It makes me wonder about fairness. That such horrible things happen to such good people is perhaps the greatest tragedy. Brice and I were close at a time when we were both becoming the men we are today, and even though it’s been a while since we were best friends, I can’t help but feel a very deep sorrow. Part of me feels guilty about that, because I know so many other people were closer to him in the last years of his life. I hope not to be speaking out of turn here.
Smiles seem to always be the most easily remembered feature about people, and Brice sure did have a great one. Even though there may have been mischief behind his grin, Brice was always a person associated with goodness. In the time that I knew him, I can’t recall a single incident where someone had a bad thing to say. It’s an extraordinary thing to be so well thought of and loved. And yes, Brice was loved. Greg and Karen are possibly the most loyal and devoted parents I’ve ever come across. Their love for their son is unwavering and will continue to be so. His brother and sister were always very important to him. I know for a fact that when his nephew was born, Brice was extremely proud to be an uncle. His love for his family and their love for him should serve as an example to us all.
Most of my fondest memories of Brice are nearly a decade old, but they’ve remained vivid in my mind because of the impact he had on my life. Middle school would surely have been a more barren land if not for Brice’s ability to create laughter. He saw the lighter side of everything and I hope everyone who knew him was fortunate enough to have shared a laugh with him at some point. That truly is a gift I’ll keep for the rest of my life.
In the brief conversations we had over the last few years Brice always seemed happy and content with his life. I have a habit of letting negativity influence my feelings, but Brice seemed to always keep negativity at bay. He lived to live. He made others happy. He touched lives every chance he got, and without even trying to. There was never anyone beneath him. Never a person he couldn’t talk to. Brice is who I wish I was. He didn’t judge the world or keep it at arm’s length. The world was his.

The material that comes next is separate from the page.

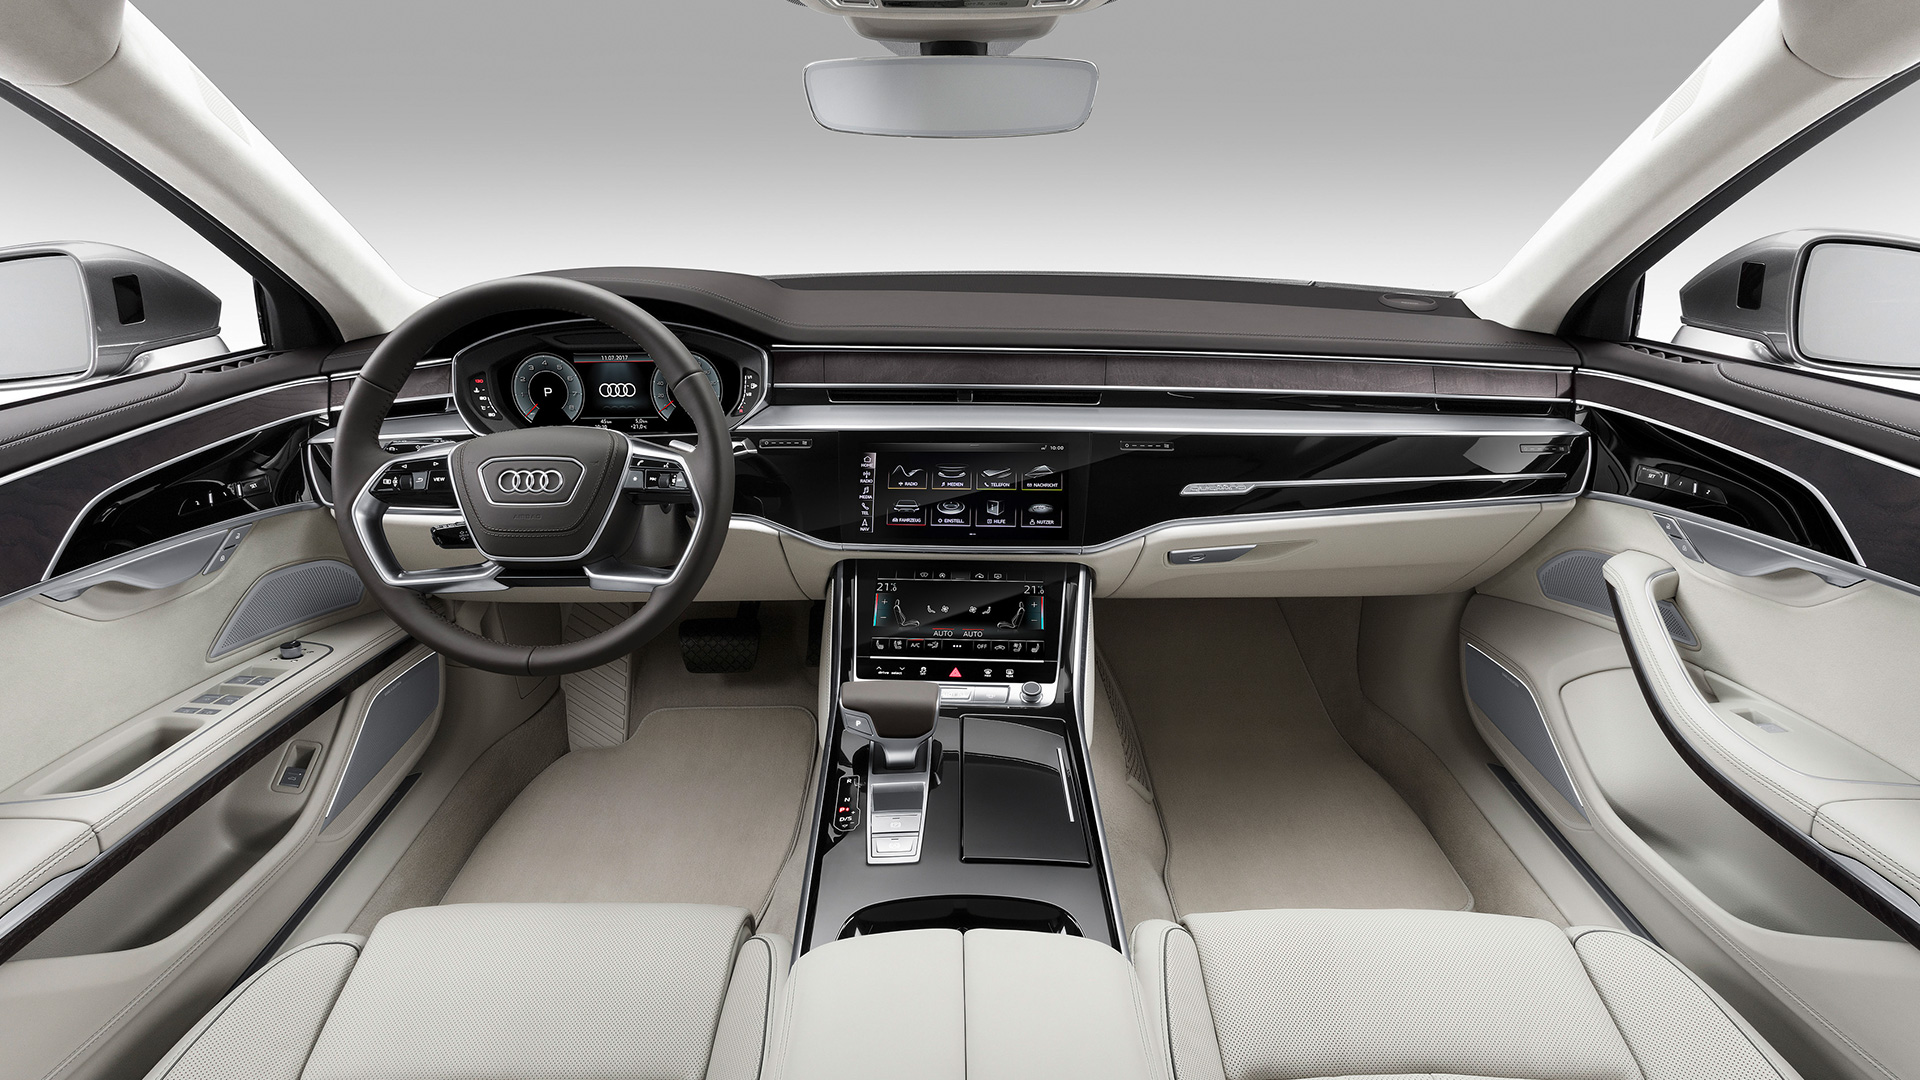 Audi A8l 2020 55 TFSI quattro Interior

It makes me wonder about fairness, that such horrible things happen to such good people. I can’t pick up the phone and call Brice and tell him we should hang out soon. I can’t go to the dentist and have his mom tell me about what’s going on in his life. All I can do now is honor the life of someone who always honored mine and everyone else’s. All I can do is hope to be the kind of person Brice was. Friendly, loving, open to the world and absent of judgment. He was a good man. I’m blessed to have known him. We all are.